Create an aggregated sales table

The SQL code in this section transforms the user event table into an aggregated sales table. This means that for each product in the user event table that was sold at least once, the sales quantity for the product is aggregated over a weekly period. In addition, the SQL code does the following:

  • For any product in the user event table, if any timestamps are missing between the first sale of the product in the table and the last sale of any product in the table, each of the missing timestamps is backfilled with a new row with zero sales. This is to eliminate gaps in sales history.

  • If there is not at least one product in the user event table that has at least 20 timestamps, a product from the table is chosen at random and is backfilled with enough rows (each with zero sales) to reach 20 timestamps. This is to accommodate the Vertex AI requirement of having at least 20 timestamps when training a model.

To create an aggregated sales table:

  1. Replace the variables in the following SQL example code as follows:

    • starting_day_of_week. The day that the week starts on. Valid values: MONDAY, TUESDAY, WEDNESDAY, THURSDAY, FRIDAY, SATURDAY, SUNDAY.

    • rdm_user_event_table. The project, dataset, and table IDs of the user event table that you exported to BigQuery. The format is project_id.dataset_id.table_id.

    • rdm_product_table. The project, dataset, and table IDs of the product table that you exported to BigQuery. The format is project_id.dataset_id.table_id.

    • aggregated_sales_table. The project, dataset, and table IDs in BigQuery for the new aggregated sales table. Use the same project ID as the product and user event tables. Use the ID of an existing dataset. Specify a table ID, but don't use the ID of an existing table unless you want to overwrite it. The format is project_id.dataset_id.table_id.

  2. Copy the SQL code sample.

  3. Open the BigQuery page in the Google Cloud console.

    Go to the BigQuery page

  4. If it's not already selected, select the project that contains your product and user event tables.
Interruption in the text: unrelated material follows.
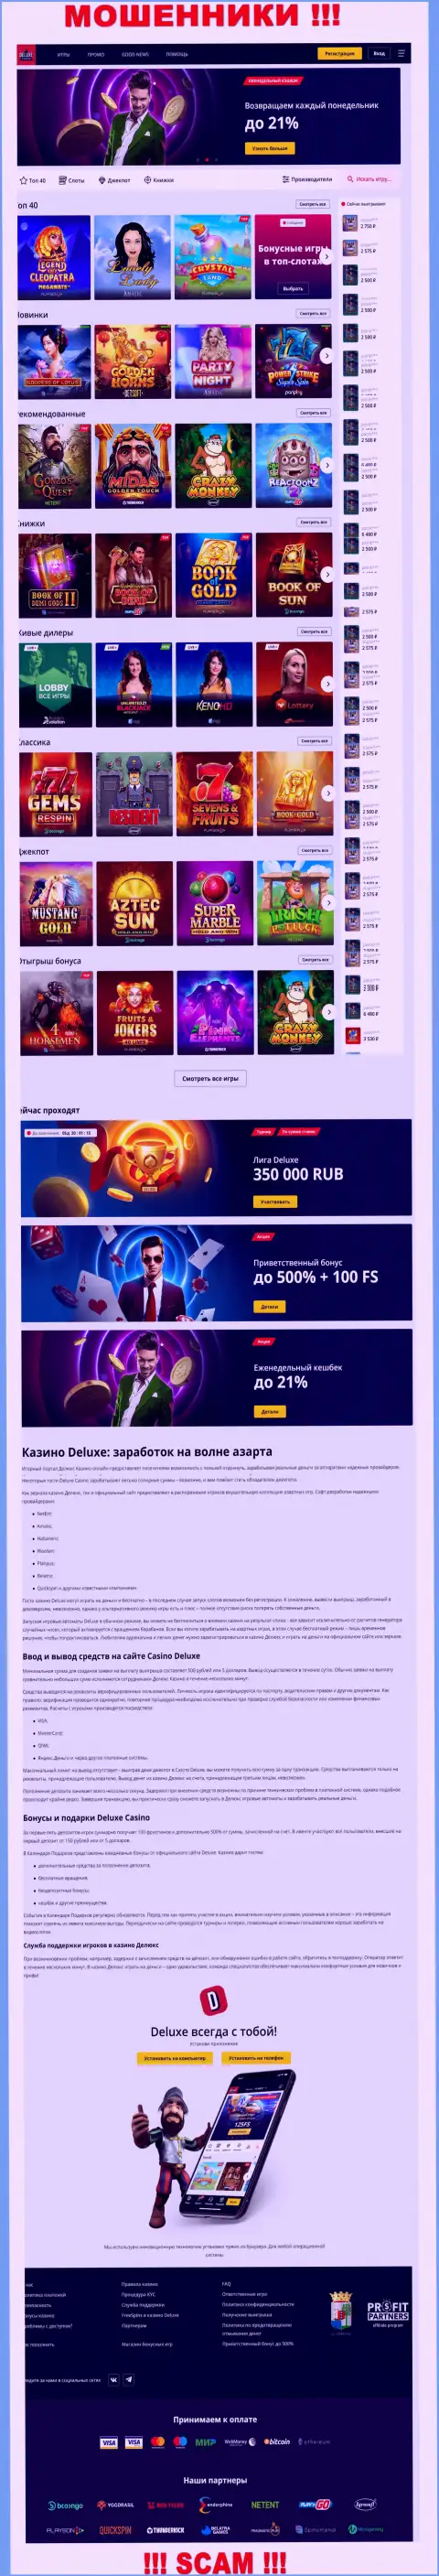 Официальная internet страница компании ДелюксКазино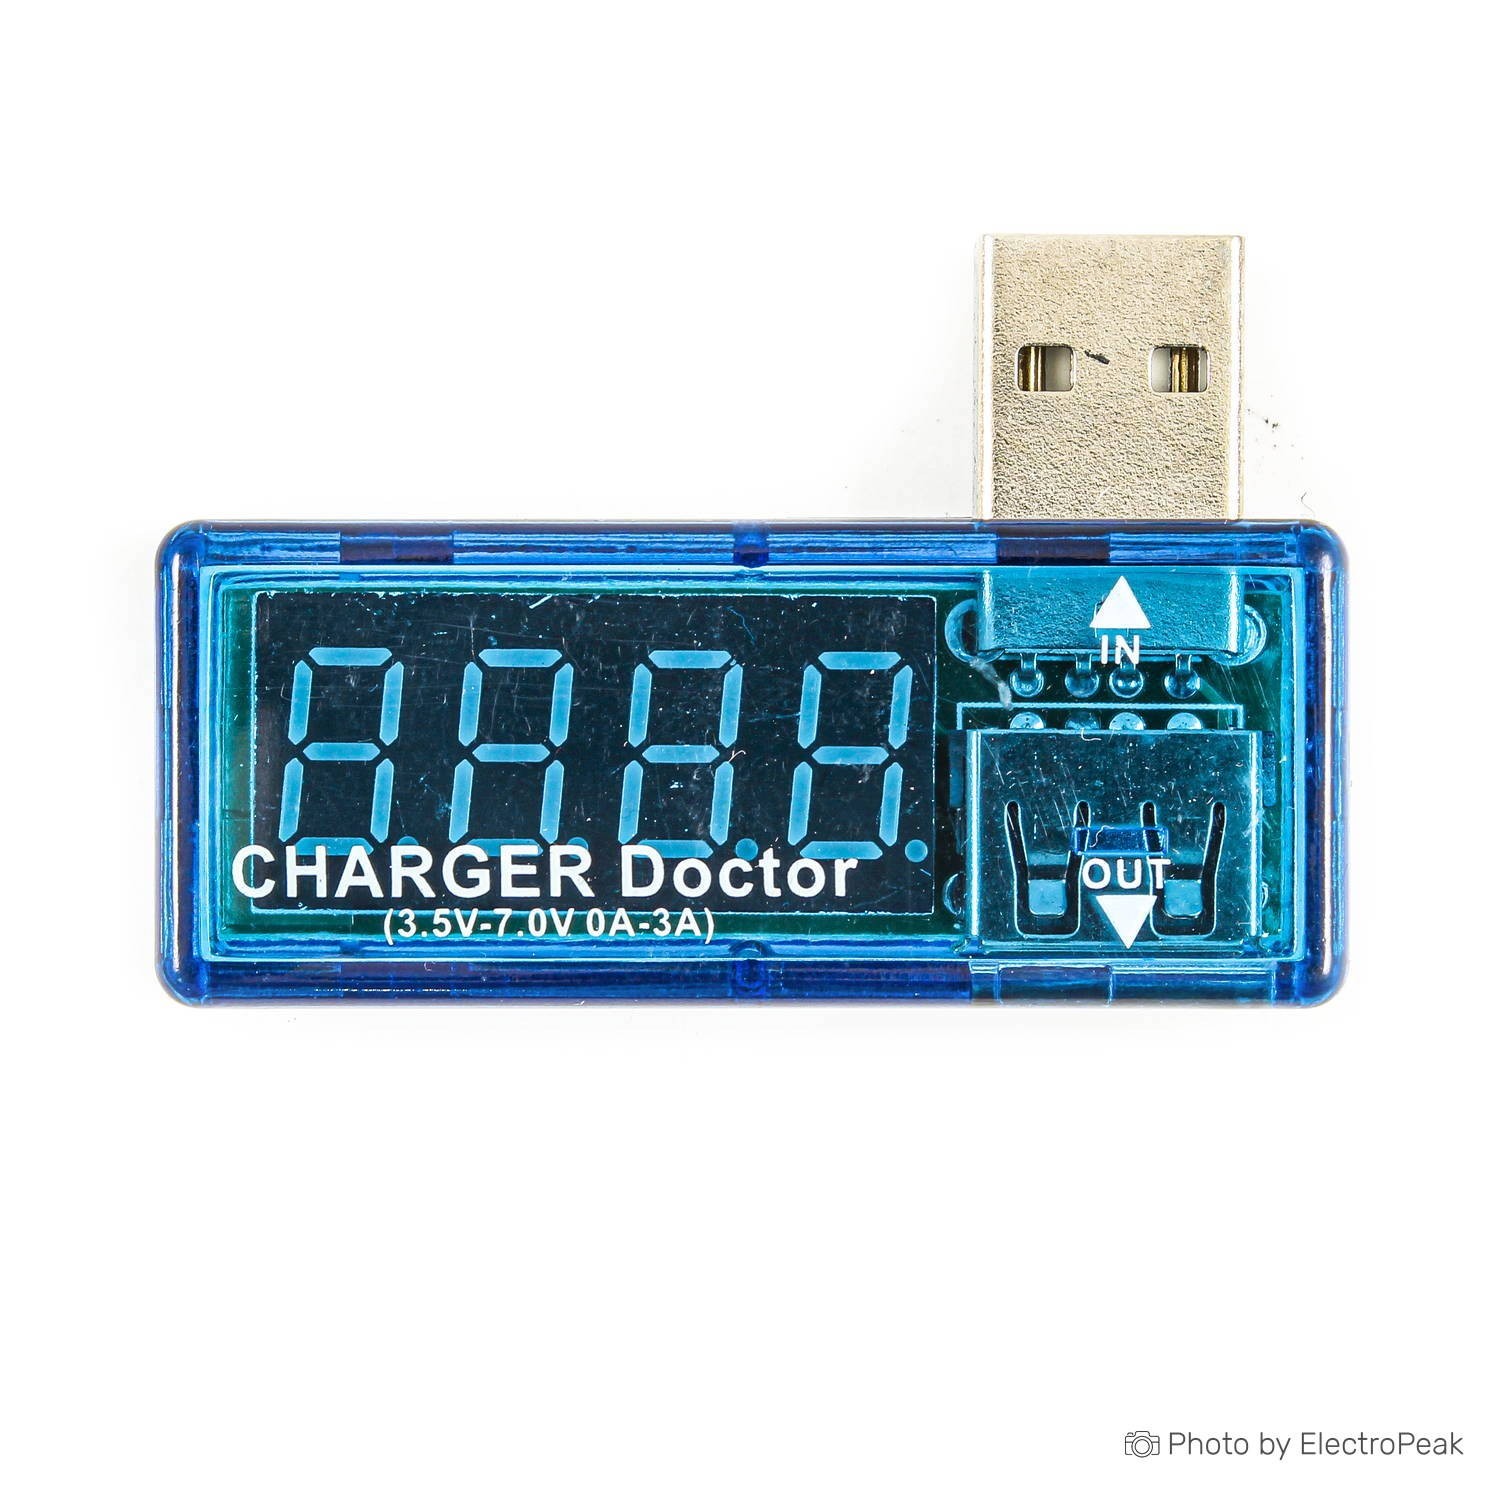 Buy USB Charger Doctor: A Digital Voltmeter Ammeter Online at Best Price

  5. In the Editor pane, paste the SQL code sample.

  6. Click Run and wait for the query to finish running.

Your new aggregated sales table is written to the location in BigQuery that you set using the aggregated_sales_table variable.

Process the product table

The SQL code in this section acts on the product table that you exported to BigQuery, removing the repeated and struct fields and unnesting the price_info field into its child fields. This is required because Vertex AI does not accept lists or nested structures. The result is the processed product table.

To process the product table:

  1. Replace the variables in the following SQL example code as follows:

    • rdm_product_table. The project, dataset, and table IDs for the product table that you exported to BigQuery. The format is project_id.dataset_id.table_id.

    • processed_product_table. The project, dataset, and table IDs in BigQuery for the new processed product table. Use the same project ID as the product and user event tables. Use the ID of an existing dataset. Specify a table ID, but don't use the ID of an existing table unless you want to overwrite it. The format is project_id.dataset_id.table_id.

    CREATE OR REPLACE TABLE `PROCESSED_PRODUCT_TABLE` AS
    SELECT * EXCEPT (id, attributes, price_info, rating, expire_time,
    available_time, fulfillment_info, images, audience, color_info, promotions,
    publish_time, retrievable_fields, categories, brands, conditions, sizes,
    collection_member_ids, tags, materials, patterns),
    id as sku,
    price_info.price as price_info_price,
    price_info.currency_code as price_info_currency_code,
    price_info.cost as price_info_cost,
    FROM `RDM_PRODUCT_TABLE`
  2. Copy the SQL code sample.

  3. Open the BigQuery page in the Google Cloud console.

    Go to the BigQuery page

  4. If it's not already selected, select the project that contains your product and user event tables.

  5. In the Editor pane, paste the SQL code sample.

  6. Click Run and wait for the query to finish running.

Your new processed product table is written to the location in BigQuery that you set using the processed_product_table variable.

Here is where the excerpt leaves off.